* Work item: Retype, without pictures, the line holding "Garda 47.5 Matte" and each line below it through the final line.

---------- Data block ----------

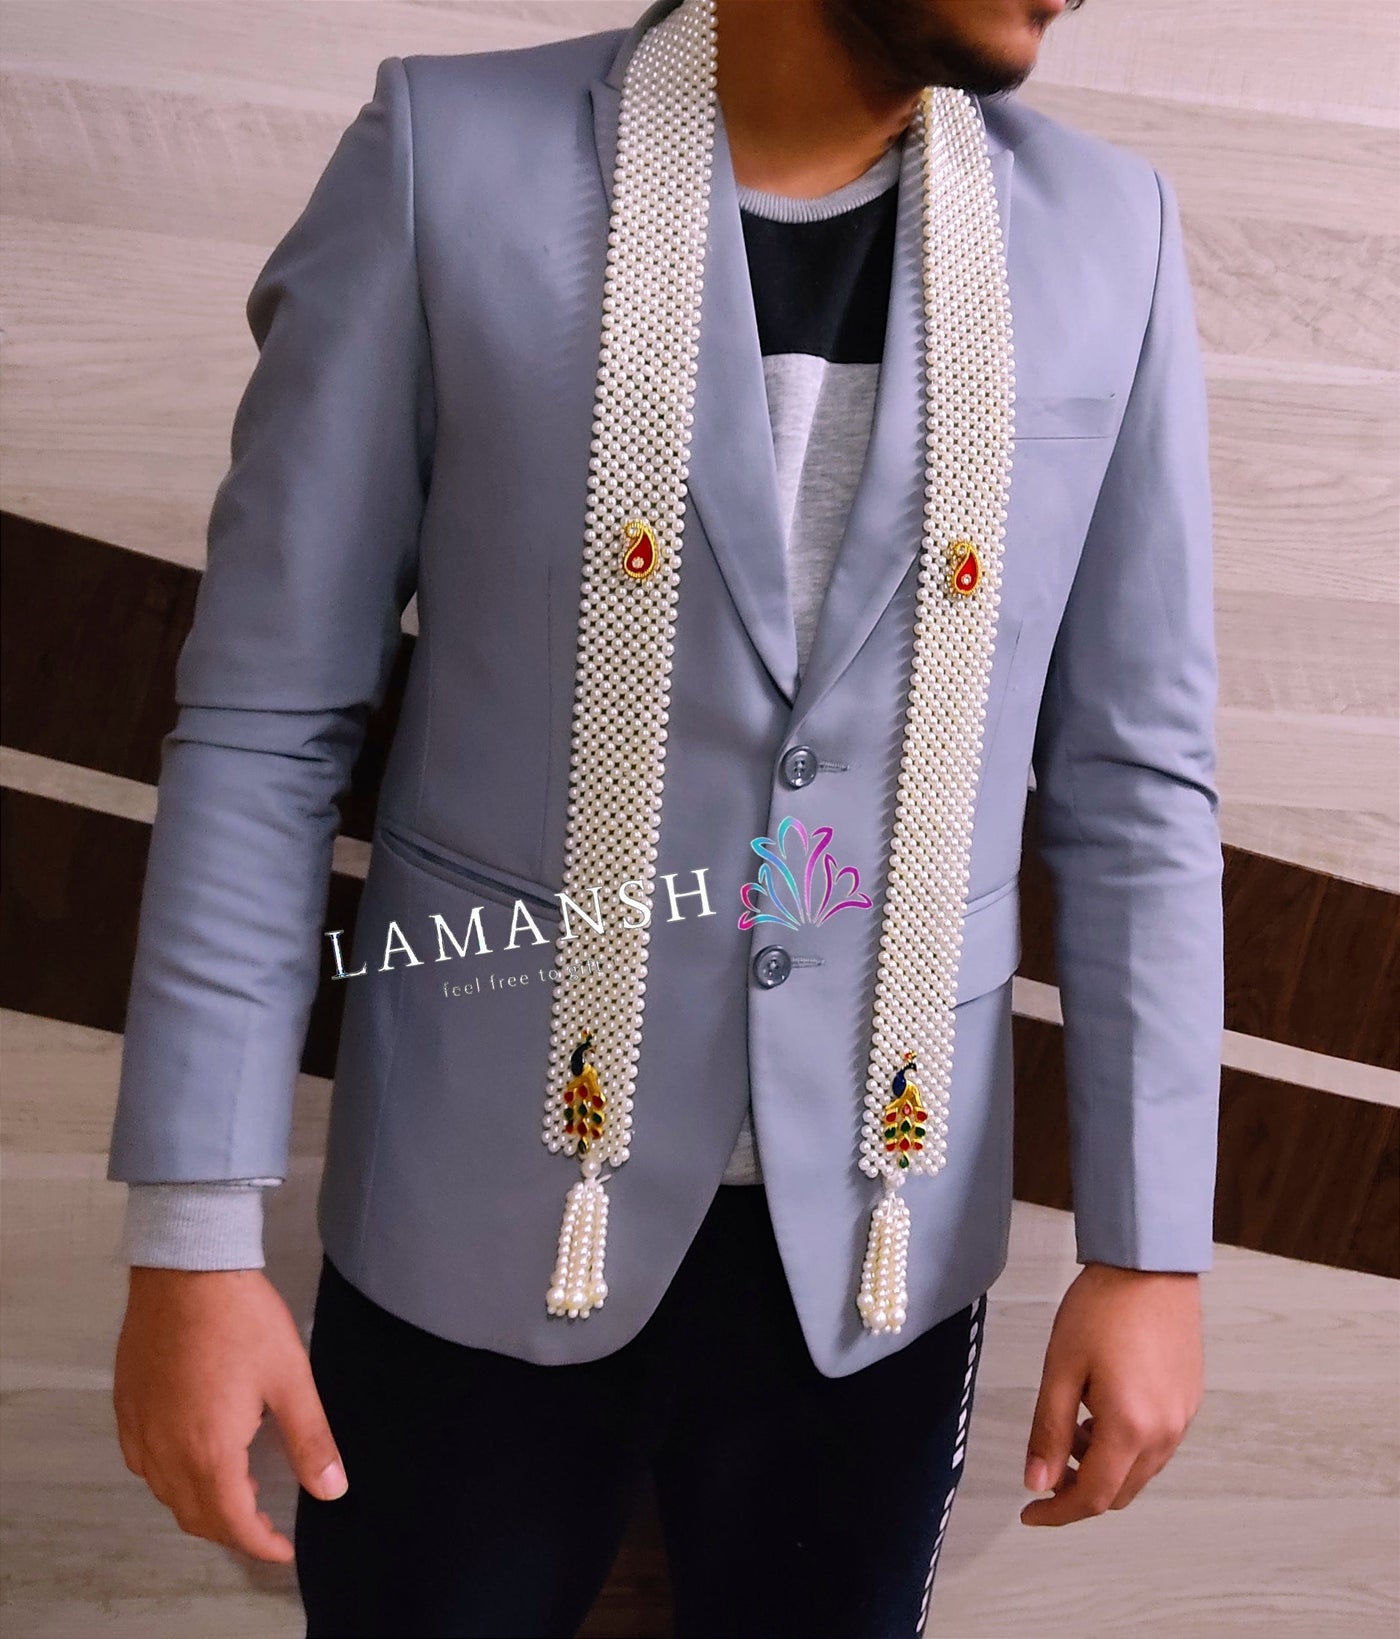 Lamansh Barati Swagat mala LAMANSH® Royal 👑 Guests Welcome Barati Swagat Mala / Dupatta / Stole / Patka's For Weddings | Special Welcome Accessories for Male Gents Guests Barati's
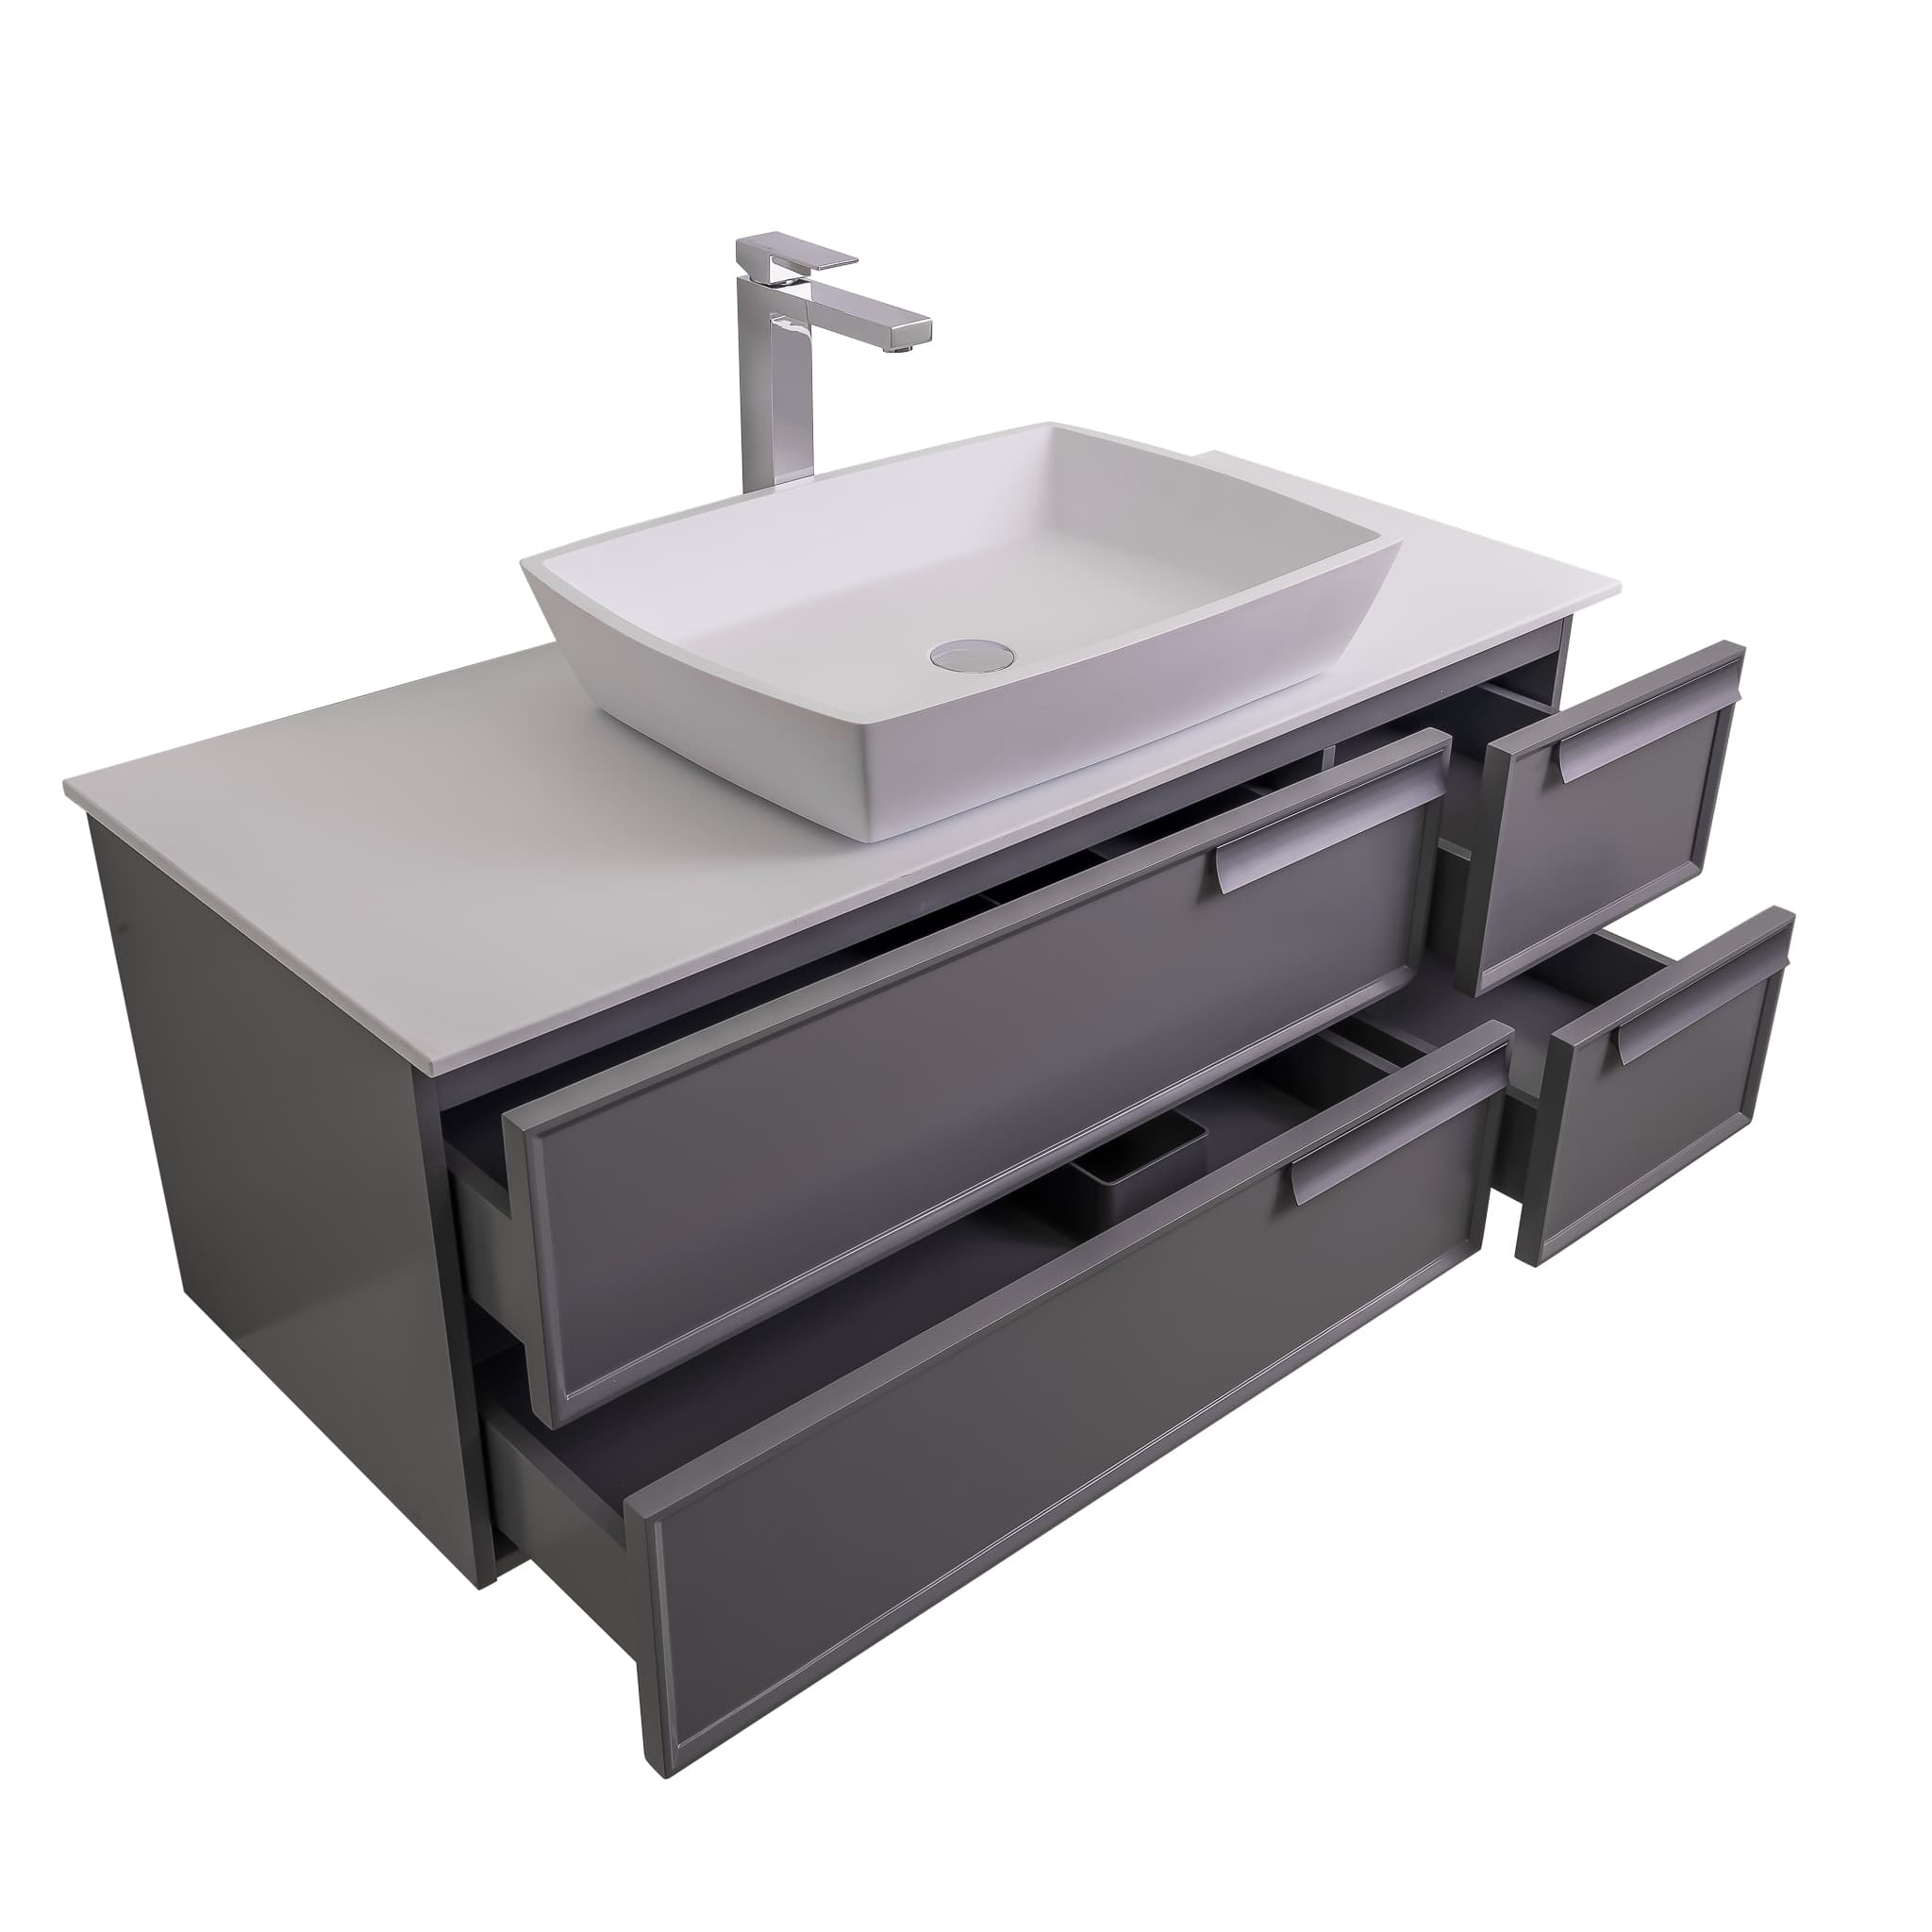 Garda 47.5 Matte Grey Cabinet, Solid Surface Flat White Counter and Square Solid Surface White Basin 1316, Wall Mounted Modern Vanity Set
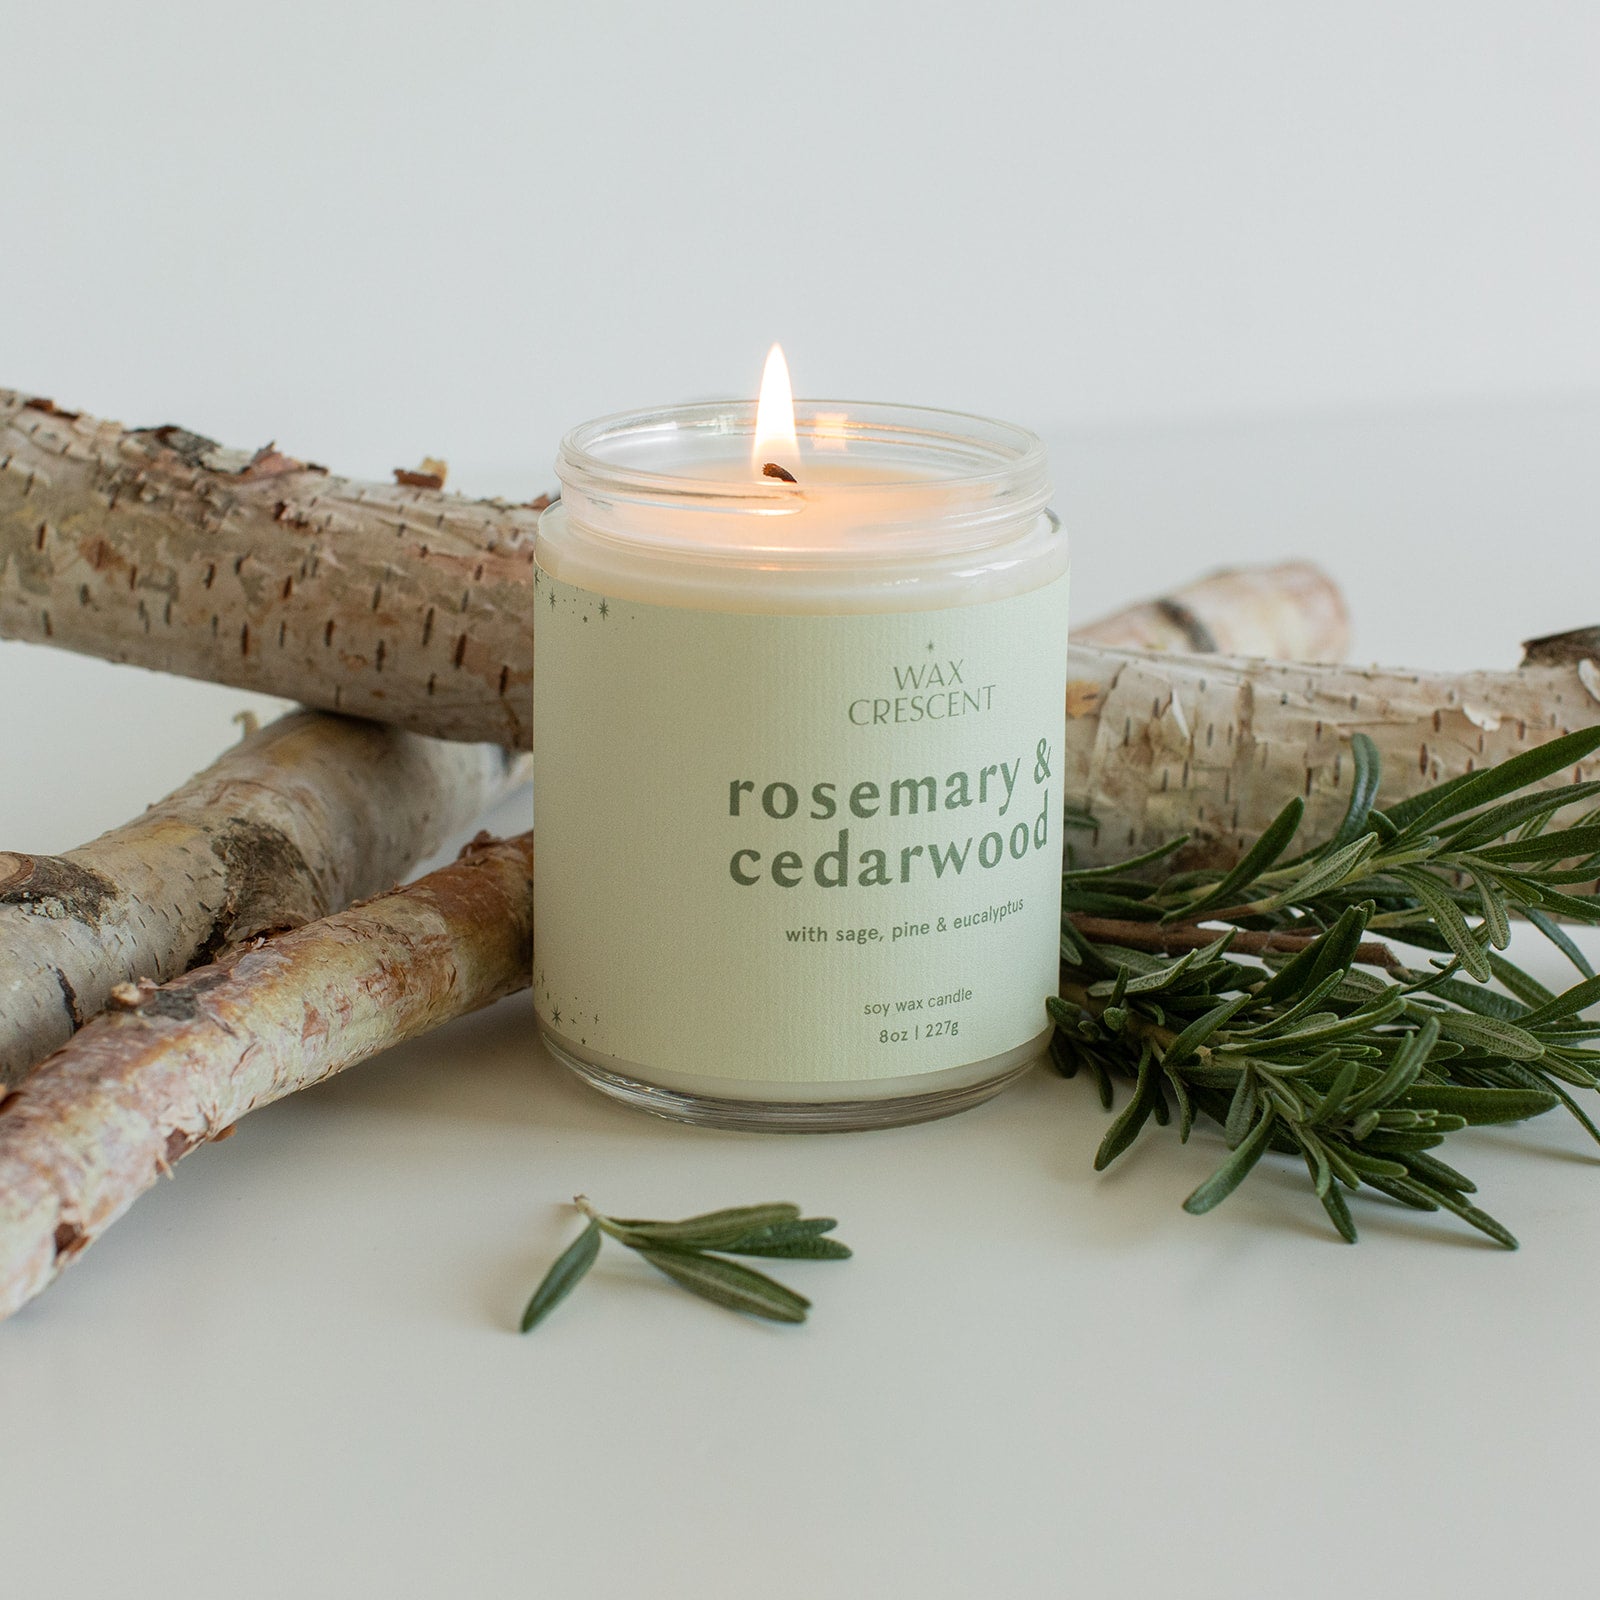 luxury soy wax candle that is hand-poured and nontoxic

----------

* Task output:
 Garda 47.5 Matte Grey Cabinet, Solid Surface Flat White Counter and Square Solid Surface White Basin 1316, Wall Mounted Modern Vanity Set
 luxury soy wax candle that is hand-poured and nontoxic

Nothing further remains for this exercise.